Issue Plaintiff's Argument (Government) Defendant's Argument (Delva) Held
Were the cellphone(s) and letters lawfully seized without a warrant? Items were observed in plain view during a lawful protective sweep incident to Accilien’s arrest, so seizure without a warrant was permissible. The cellphone and letters were observed and seized only after the protective sweep had been completed; officers reentered the bedroom without consent or a warrant, so Fourth Amendment protection was violated. Although the district court erred in finding the items were seized "during" the protective sweep, the officers’ warrantless reentry was justified by exigent circumstances (need to privately question Accilien to identify the owner of drugs/gun in a cramped apartment). Items were in plain view and suppression was denied.
Was admission of FV’s testimony that she was raped during the home invasion unduly prejudicial? The rape evidence was relevant to the manner and violence of the charged conspiracy offenses and thus admissible. Delva argued he was neither a participant nor could reasonably foresee rape; admission was prejudicial. District court did not abuse discretion admitting the evidence; it was relevant to conspiracy and not unfairly prejudicial.
Was removal of Juror No. 7 during deliberations improper? Court found juror had been untruthful on voir dire about criminal history, creating possible bias and justifying dismissal for cause. Delva objected to removal and replacement after deliberations had begun. Replacement for good cause was within the judge’s discretion; alternate juror substituted and deliberations restarted—no abuse of discretion found.
Was Delva’s sentence improper for relying on conduct underlying acquitted counts? Court may consider acquitted-conduct at sentencing if proved by a preponderance; court relied on trial evidence and credibility findings to impose a 360-month sentence. Delva argued sentencing impermissibly punished acquitted conduct and findings were clearly erroneous. No procedural or substantive error; district court’s findings were not clearly erroneous and sentence was within permissible range.

Key Cases Cited

  • Welsh v.

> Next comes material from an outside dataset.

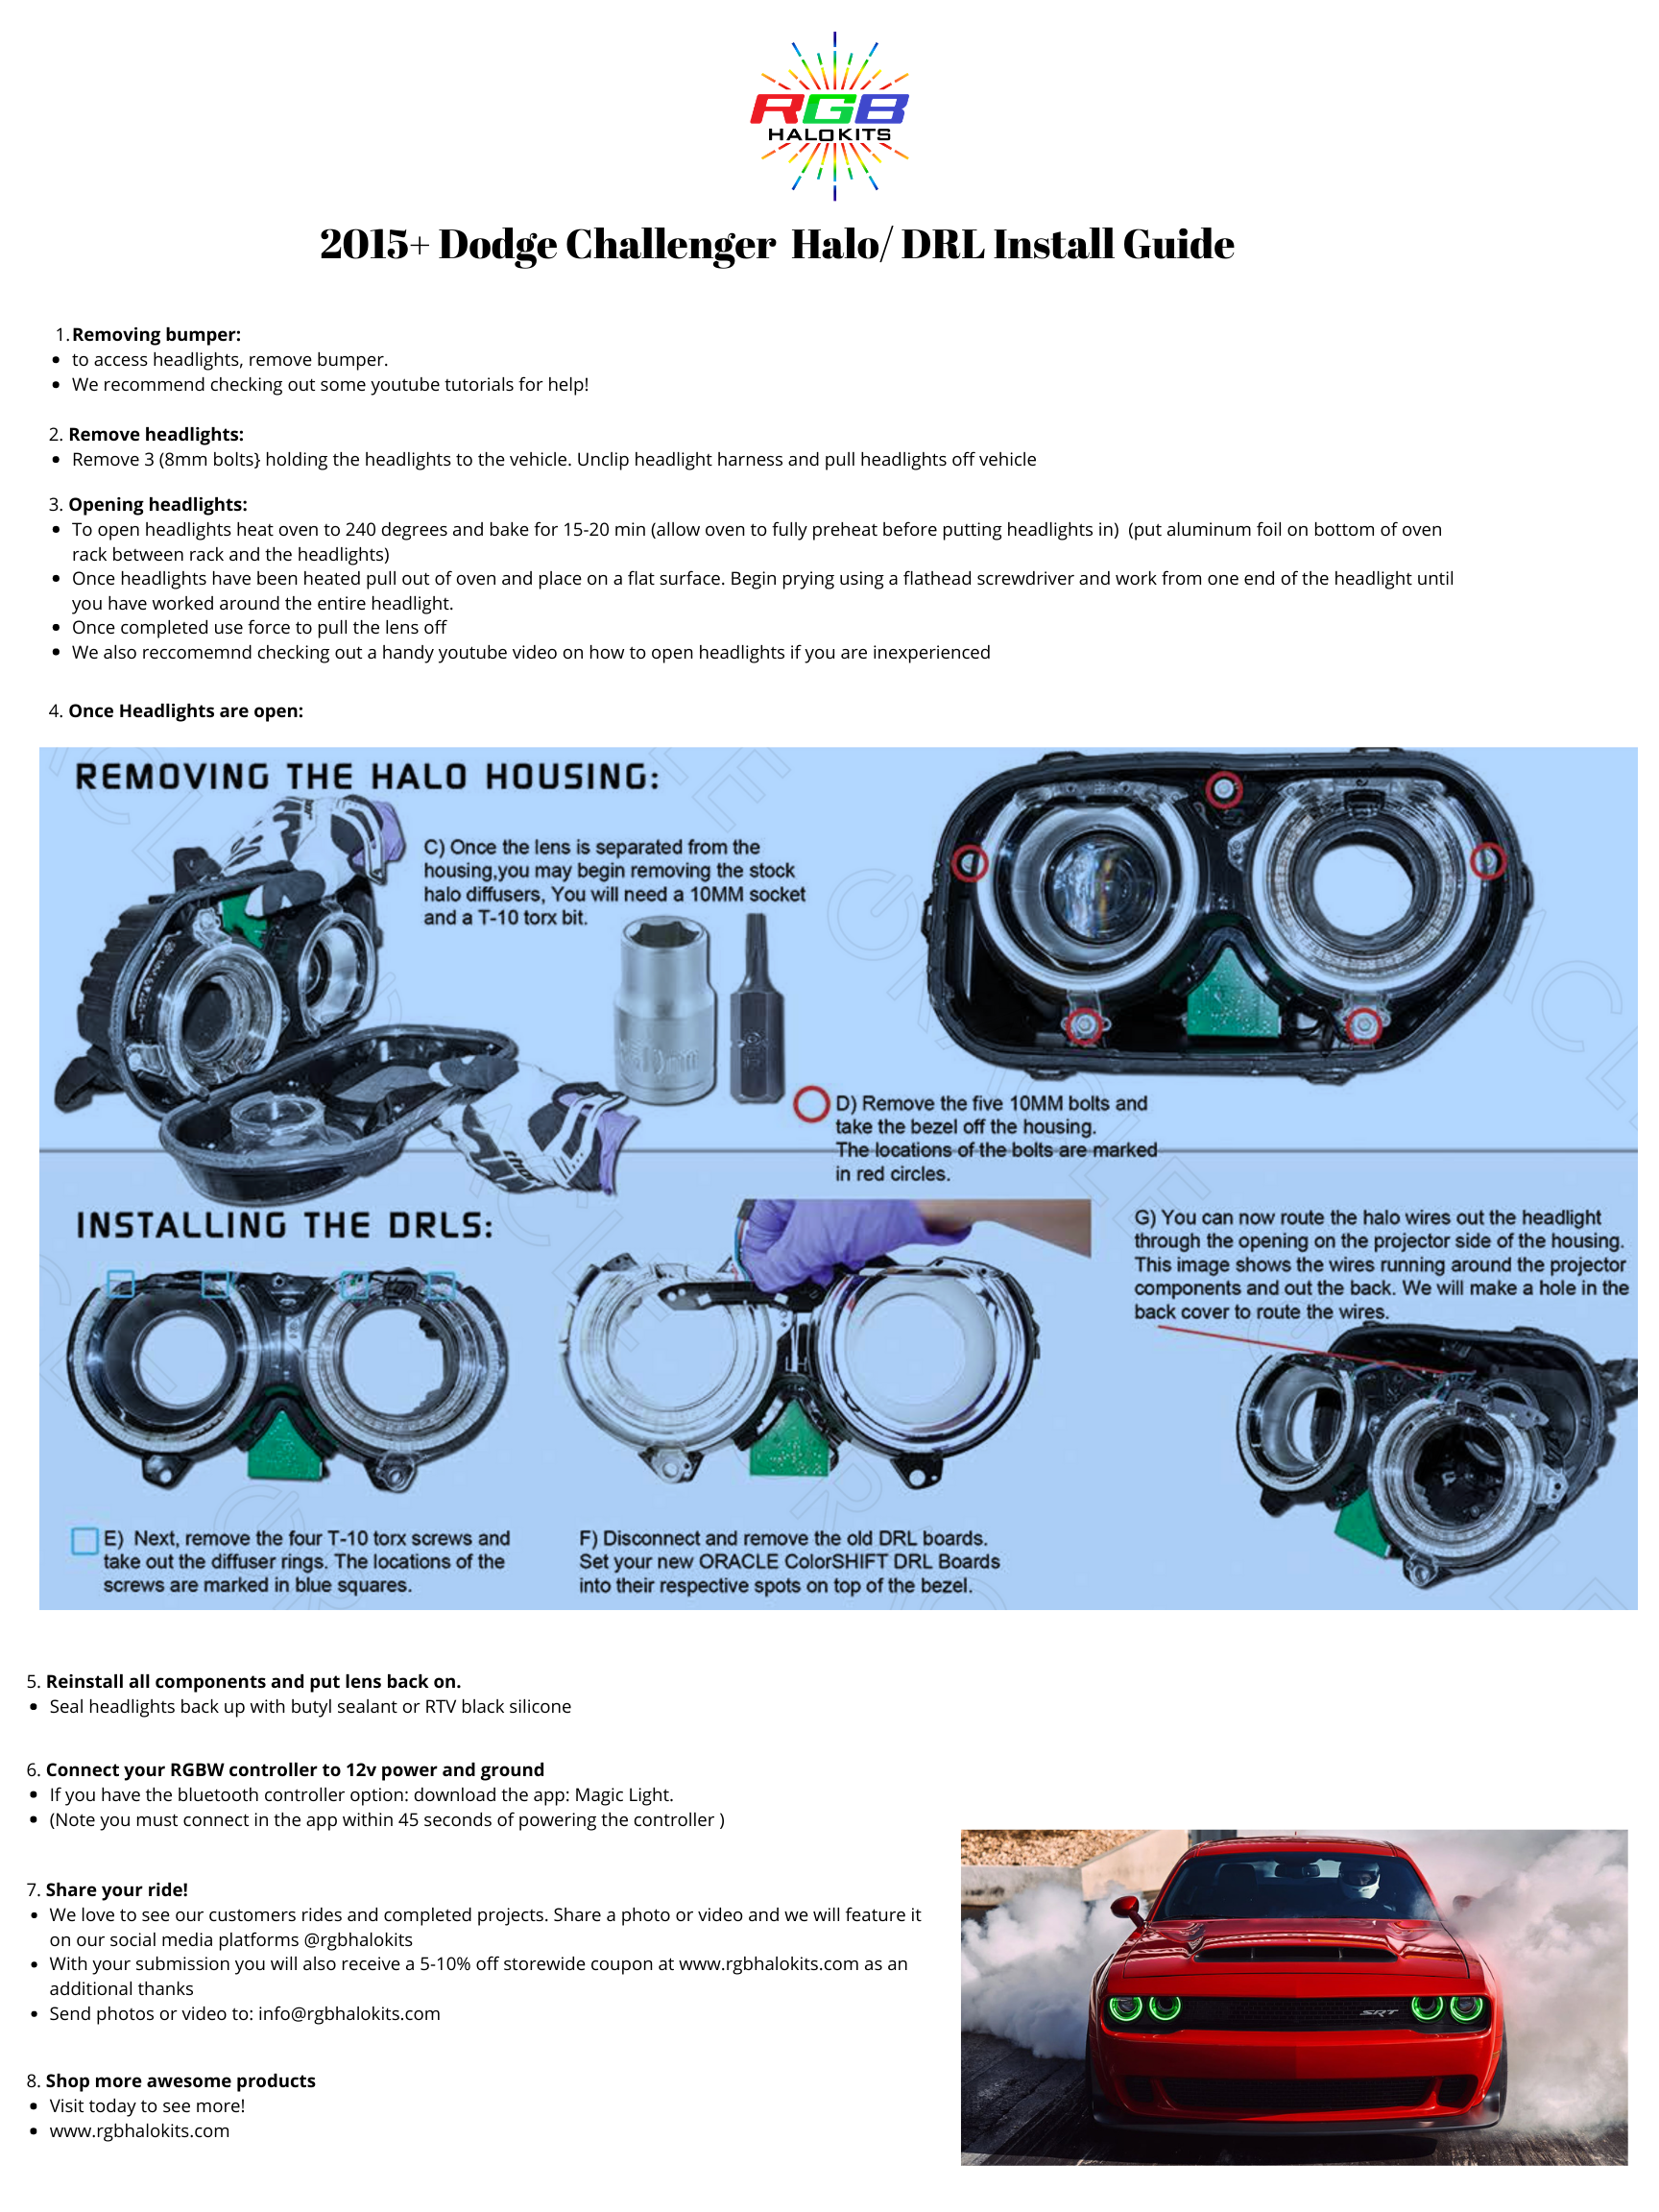 Copy_of_Copy_of_Copy_of_2015-2019_Dodge_Challenger_RGBW_DRL_Install_Guide.png

Wisconsin, 466 U.S. 740 (Supreme Court) (warrantless home entries presumptively unreasonable)
  • Kentucky v. King, 563 U.S. 452 (Supreme Court) (warrant requirement subject to exceptions; officers cannot rely on their own violation to justify plain-view seizure)
  • Brigham City v. Stuart, 547 U.S. 398 (Supreme Court) (reasonableness standard and exigent-circumstances exception)
  • Maryland v. Buie, 494 U.S. 325 (Supreme Court) (protective sweep doctrine and its limits)
  • Horton v. California, 496 U.S. 128 (Supreme Court) (plain-view seizure principles)
  • Minnesota v. Dickerson, 508 U.S. 366 (Supreme Court) (plain-view/plain-feel seizure standards)
  • Mincey v. Arizona, 437 U.S. 385 (Supreme Court) (limited, specifically established exceptions to the warrant requirement)
  • Payton v. New York, 445 U.S. 573 (Supreme Court) (arrest warrants permit entry into residence where suspect is believed to be)
  • United States v. MacDonald, 916 F.2d 766 (2d Cir.) (nonexhaustive factors for exigent-circumstances analysis)
  • United States v. Oguns, 921 F.2d 442 (2d Cir.) (once dangers justifying a protective sweep are eliminated, police must leave unless other exigencies exist)
Read the full case

Case Details

Case Name: United States v. Delva
Court Name: Court of Appeals for the Second Circuit
Date Published: Jun 1, 2017
Citation: 2017 U.S. App. LEXIS 9645
Docket Number: Docket 15-683
Court Abbreviation: 2d Cir.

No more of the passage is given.